Both perf/run will also emit the rocblas-bench
command to run the underlying gemm in rocBLAS:
./rocblas-bench -f gemm_strided_batched_ex --transposeA N --transposeB N -m 10240 -n 1024 -k 1280 --alpha 1 --a_type f16_r --lda 10240 --stride_a 13107200 --b_type f16_r --ldb 1280 --stride_b 1310720 --beta 1 --c_type f16_r --ldc 10240 --stride_c 10485760 --d_type f16_r --ldd 10240 --stride_d 10485760 --batch_count 2 --compute_type f32_r --algo 1 --solution_index 80268 --flags 0
But if I execute this, I get 145us (>20% difference).

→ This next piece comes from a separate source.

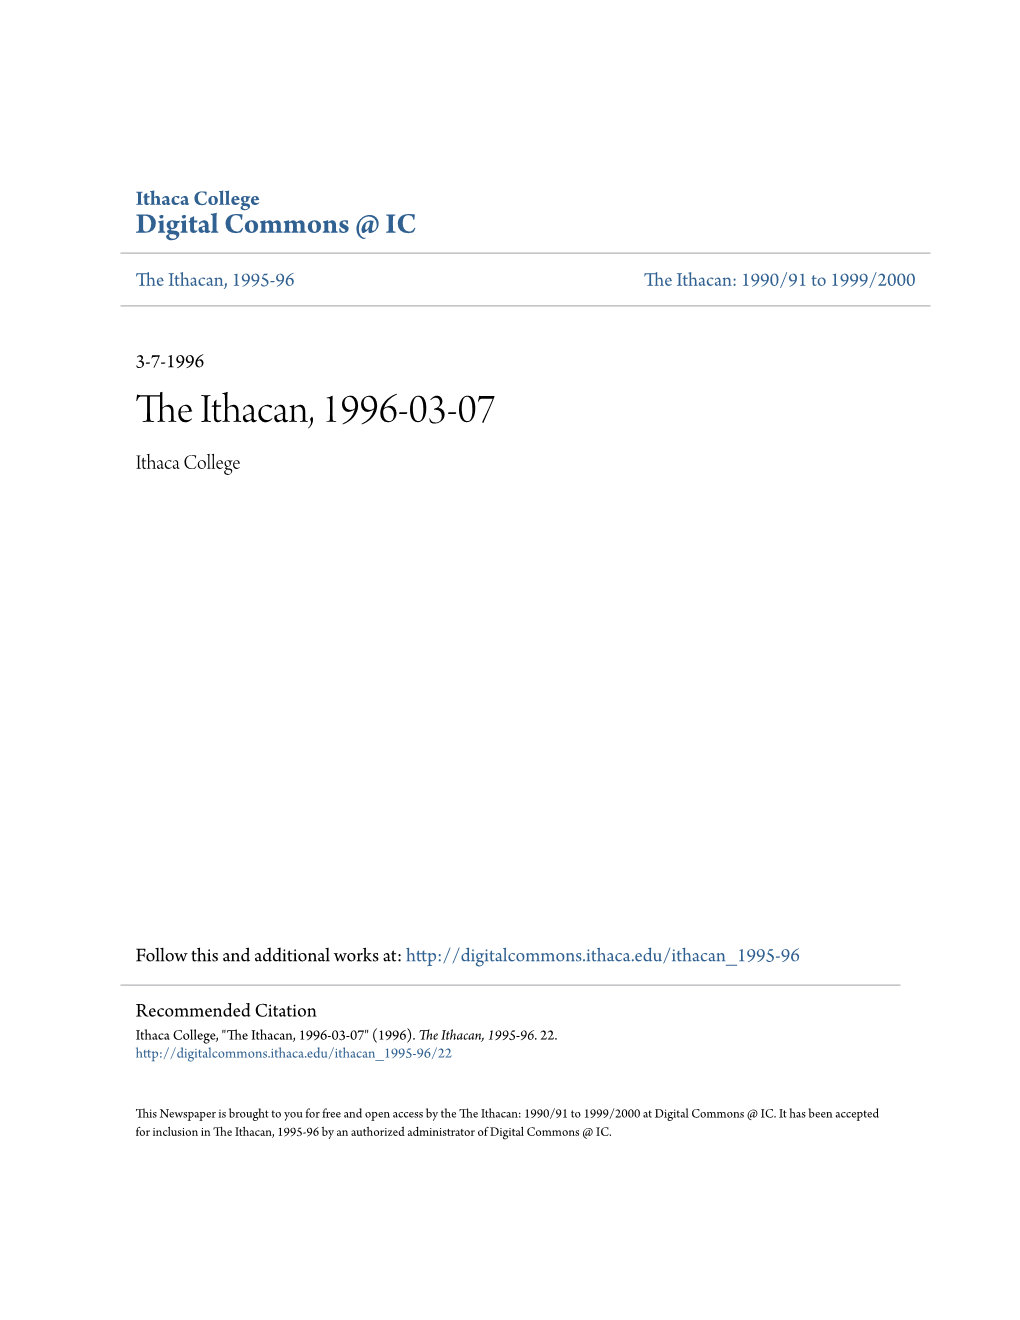 The Ithacan, 1996-03-07

However, if I add the flag --initialization rand_int
to rocblas-bench
I get 111us.
Operating System
Ubuntu 20.04.6 LTS
CPU
AMD EPYC 7A53 64-Core Processor
GPU
AMD Instinct MI300X
Other
No response
ROCm Version
ROCm 6.0.0
Steps to Reproduce
No response
(Optional for Linux users) Output of /opt/rocm/bin/rocminfo --support
No response
Additional Information
No response
Running the two following commands, the two results are fairly close (Mi300x & Intel(R) Xeon(R) Platinum 8480C) :
ROCBLAS_LAYER=2 rocprof --stats ./bin/migraphx-driver run test.mxr
(AverageNs: 194 us)
ROCBLAS_LAYER=2 rocprof --stats ./bin/migraphx-driver perf -n 1 test.mxr
(AverageNs: 188 us -- This is actually an average of 3 runs.)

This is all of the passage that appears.